Тут, как и в любой навозной куче, водилось жемчужное зерно. Андрей вспомнил регулярные визиты матери на кладбище, к деду с бабкой, лет до двенадцати она и его туда таскала. Заходя в ограду, следовало поздороваться, выходя — попрощаться; мать выпивала полстакана водки, оставляла почти полную бутылку возле памятника, крошила на землю черствый общепитовский пирожок, другой совала Андрею на помин души, а перед Новым годом ставила на могиле елку, убранную открытками и бумажными гирляндами. Наблюдать эту заупокойную комедию было тошно.

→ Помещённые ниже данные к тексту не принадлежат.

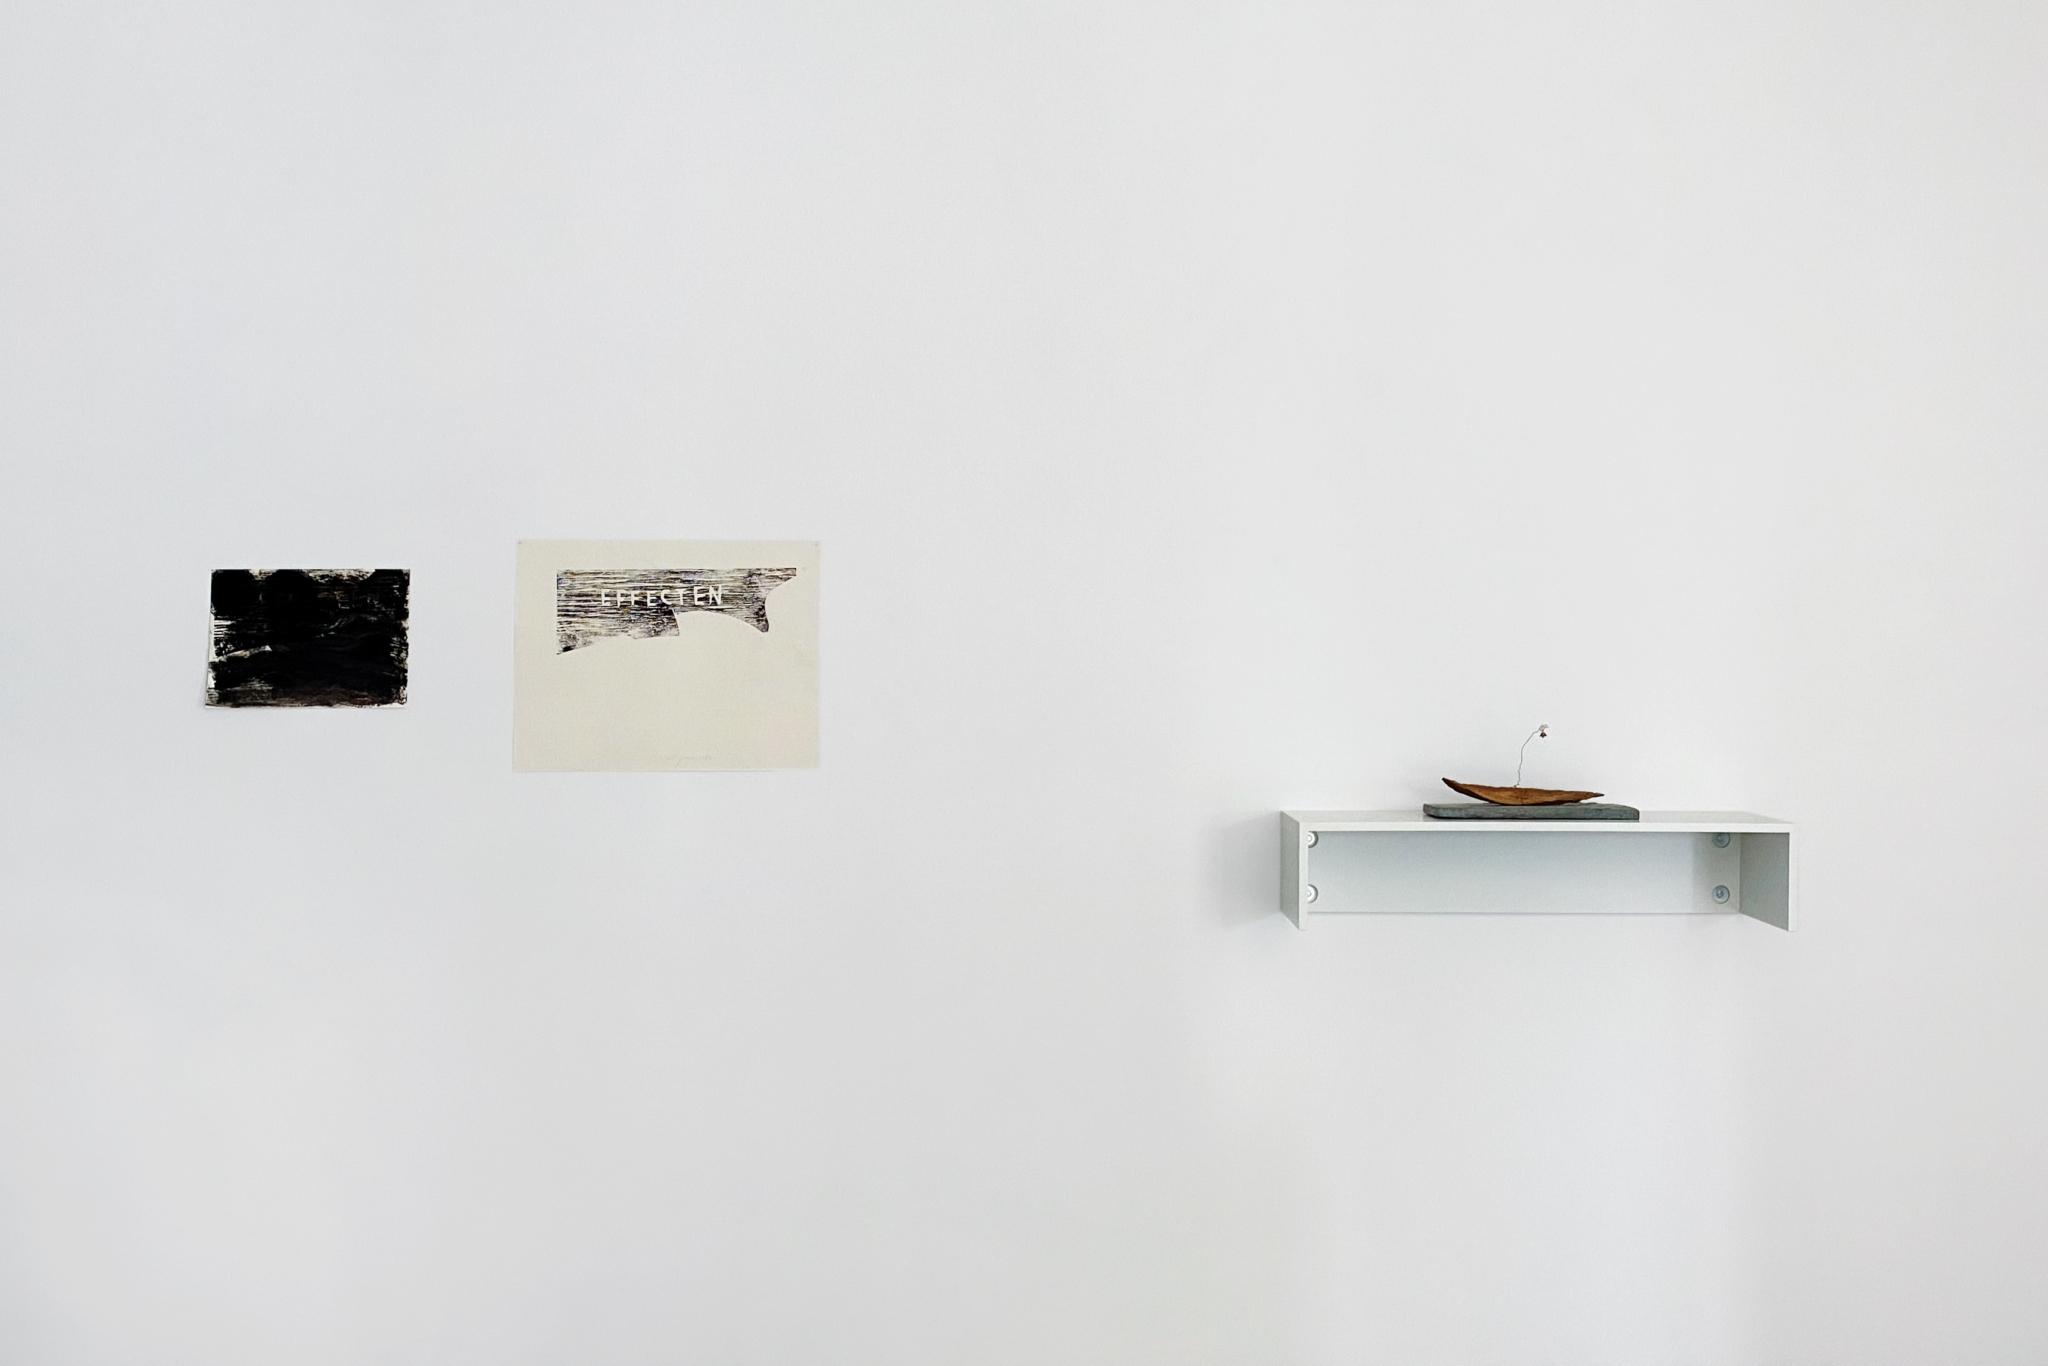 Banner druksels foto zonder tekst 2

Да что там мать, — Ленка, белобрысая соседская девчонка, за семикопеечную мороженку в бумажном стаканчике позволяла лазить себе в трусы, но едва увидела, как пацаны пинают по двору мертвого воробья, маленькую потаскуху будто подменили; вырыла на клумбе ямку, выстелила дно конфетной золотинкой, аккуратно уложила туда дохлятину скрюченными лапами вверх, накрыла цветным стеклышком, присыпала землей, слетала домой, вернулась со звездочкой на груди и зачастила: ниточкаиголочка-краснаязвезда-ленинаисталина-обманыватьнельзя-даю-честнооктябренское-любить-природу.
Не так уж сильно, выходит, заклинило Достоевского, как сперва показалось.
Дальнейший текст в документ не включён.